US 12,333,027 B2
	Machine learning for implementing policies in a computing environment
Johnson Manuel-Devadoss, San Antonio, TX (US)
Assigned to Oracle International Corporation, Redwood Shores, CA (US)
Filed by Oracle International Corporation, Redwood Shores, CA (US)
Filed on Mar. 3, 2022, as Appl. No. 17/685,561.
Prior Publication US 2023/0283643 A1, Sep. 7, 2023
Int. Cl. G06F 21/60 (2013.01); G06F 18/21 (2023.01); G06N 3/092 (2023.01); H04L 9/40 (2022.01)

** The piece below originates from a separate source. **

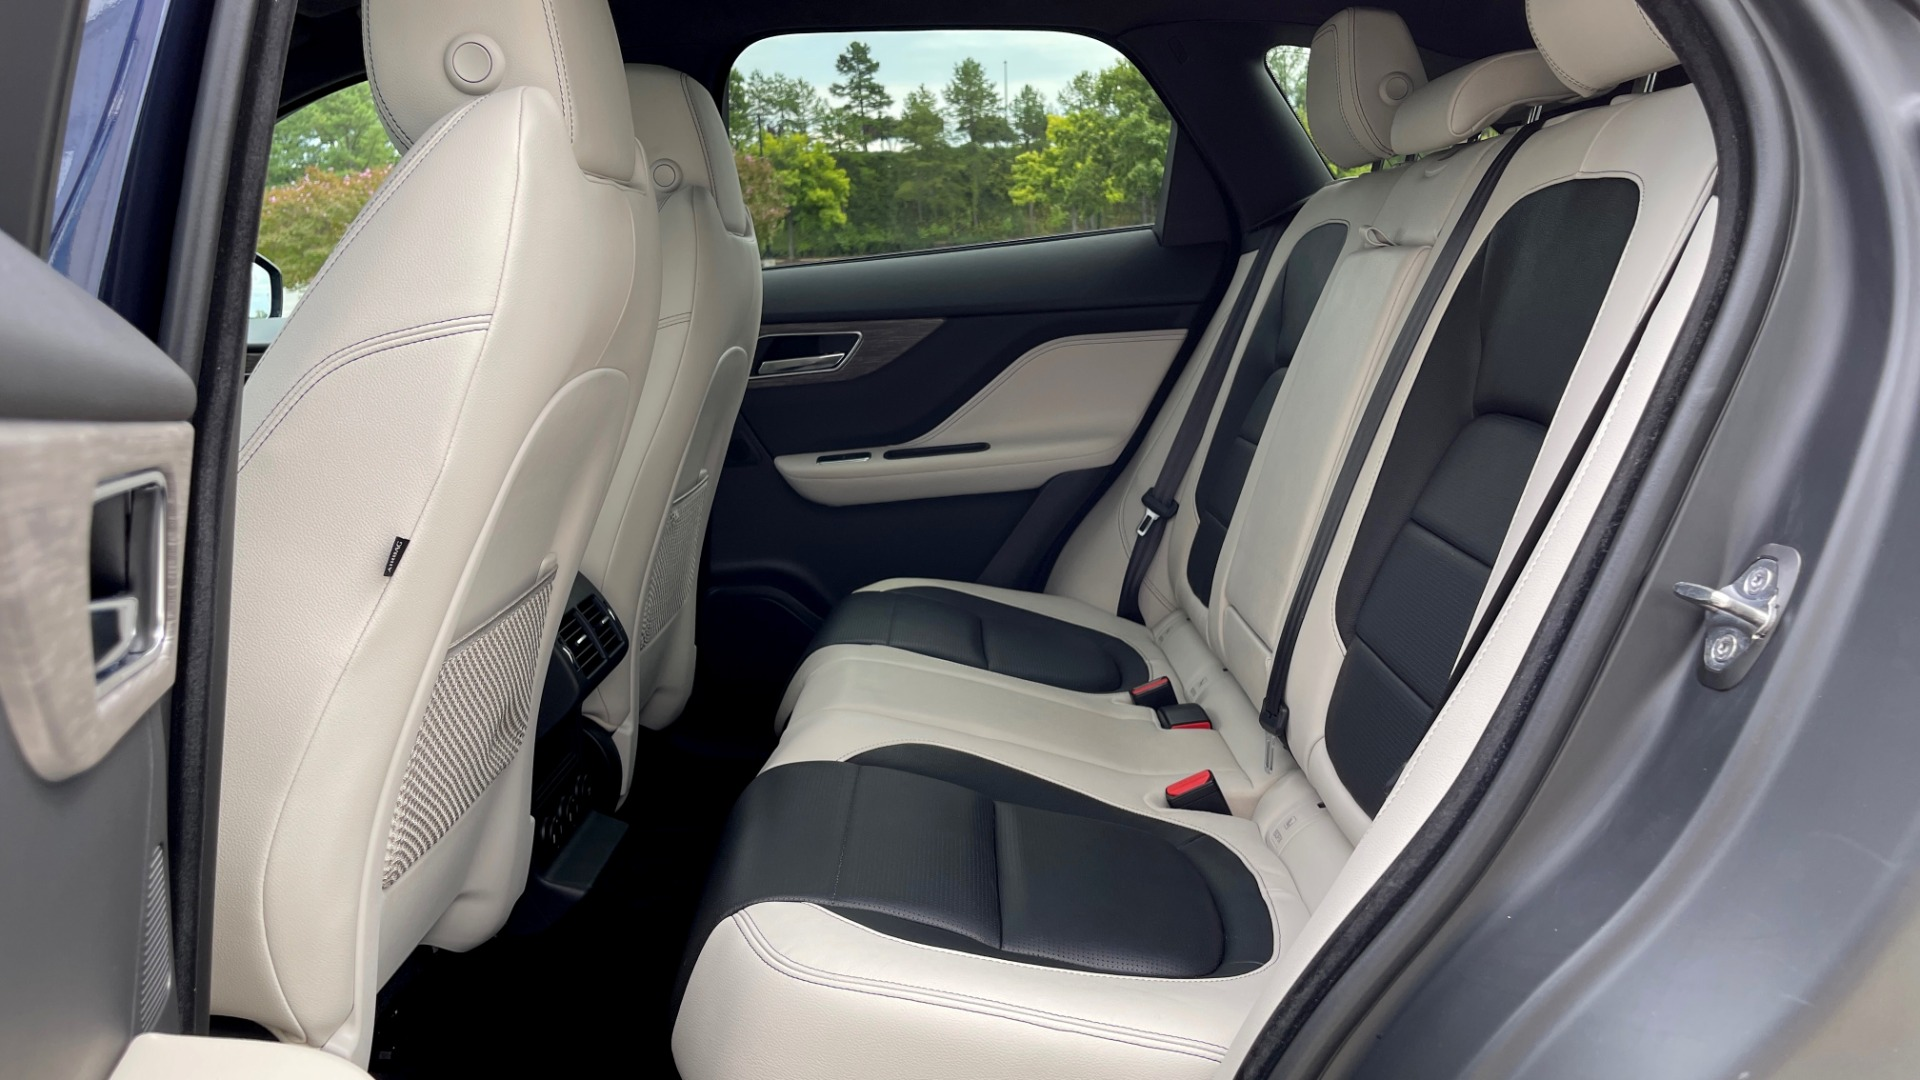 Used 2019 Jaguar F-PACE S / DRIVE PKG / BSA / HUD / BLACK EXT PKG / REARVIEW for sale $50,995 at Formula Imports in Charlotte NC 28227 51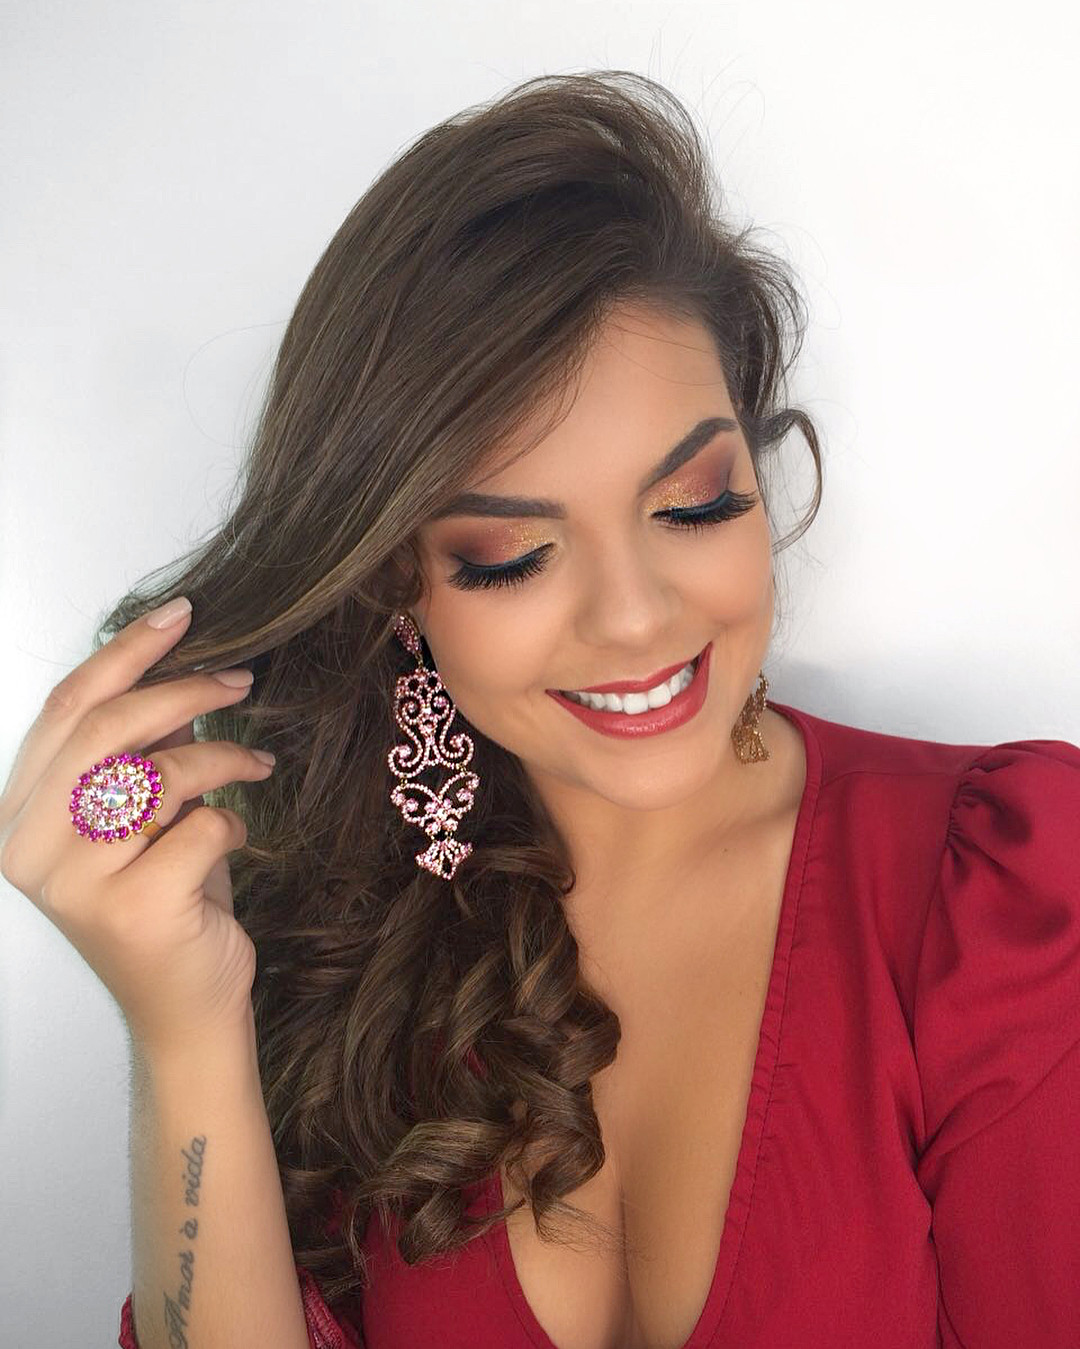 jessica poeta lirio, miss friendship brazil 2021/top 10 de miss tourism queen international 2015. - Página 10 Bzlo1r10

CPC G06F 21/604 (2013.01) [G06F 18/2185 (2023.01); G06N 3/092 (2023.01); H04L 63/20 (2013.01)]

14 Claims

1. A non-transitory computer readable medium comprising instructions which, when executed by one or more hardware processors cause performance of operations comprising:

obtaining a set of data representing a computing environment, the computing environment comprising a first set of computing resources;

receiving a selection to implement a first set of data security standards in the computing environment;

identifying a first set of security requirements, associated with the first set of data security standards, for the first set of computing resources;

performing deep reinforcement learning to generate a target sequence of actions for implementing the first set of data security standards in the computing environment, at least by:

iteratively (a) applying a plurality of candidate actions, associated with a respective plurality of security requirements, from among the first set of security requirements, to a current candidate state of the computing environment to generate a plurality of next candidate states of the computing environment, (b) identifying a plurality of candidate reward values associated respectively with the plurality of next candidate states of the computing environment, and (c) applying a target action, from among the plurality of candidate actions, to the current candidate state to generate a target next candidate state of the computing environment and a target reward associated with the target next candidate state; and

generating the target sequence of actions based on a set of target rewards associated with a particular set of target next candidate states resulting from performing the target sequence of actions; and

executing the target sequence of actions to provision the computing environment according to the first set of data security standards.